Abstract
Macromolecular crowding is known to modulate chemical equilibria, reaction rates, and molecular binding events, both in aqueous solutions and at lipid bilayer membranes, natural barriers that enclose the crowded environments of cells and their subcellular compartments. Previous studies on the effects of macromolecular crowding in aqueous compartments on conduction through membranes have focused on single-channel ionic conduction through previously formed pores at thermodynamic equilibrium. Here, the effects of macromolecular crowding on the mechanism of pore formation itself were studied using the droplet interface bilayer (DIB) technique with the voltage-dependent pore-forming peptide alamethicin (alm). Macromolecular crowding was varied using 8 kDa molecular weight polyethylene glycol (PEG8k) or 500 kDa dextran (DEX500k) in two aqueous droplets on both sides of the bilayer membrane.

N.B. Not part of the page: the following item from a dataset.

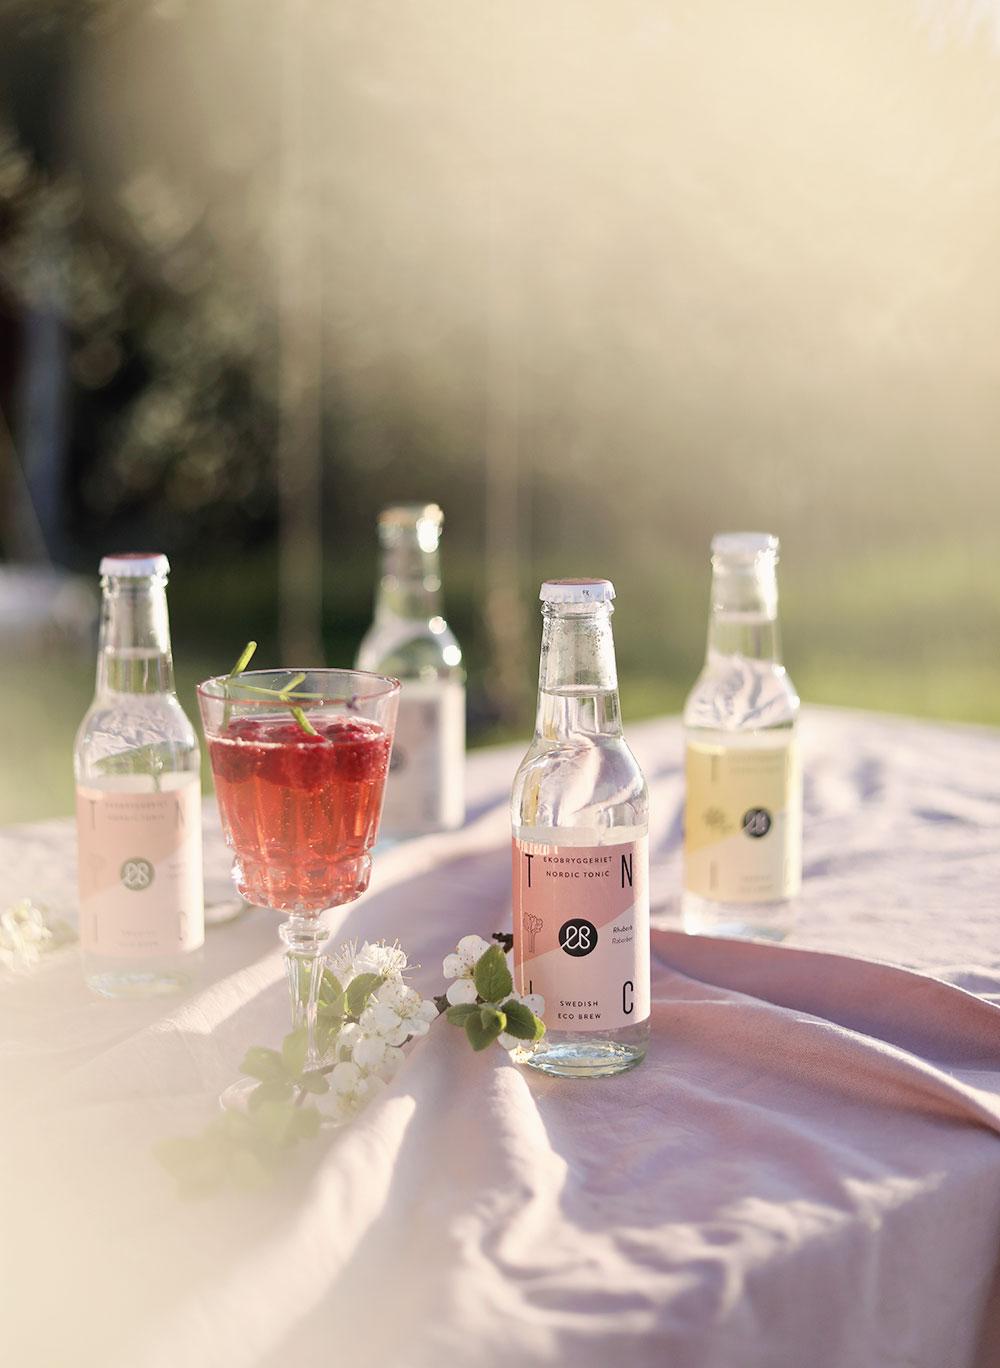 ekobryggeriet ekologisk drink ekologiska drinkar bär sommardrinkar rabarber

In general, voltage thresholds for pore formation in the presence of crowders in the droplets decreased compared to their values in the absence of crowders, due to excluded volume effects, water binding by PEG, and changes in the ordering of water molecules and hydrogen-bonding interactions involving the polar lipid headgroups. In addition, asymmetric crowder loading (e.g., PEG8k-DEX500k on either side of the membrane) resulted in transmembrane osmotic pressure gradients that either enhanced or degraded the ionic conduction through the pores.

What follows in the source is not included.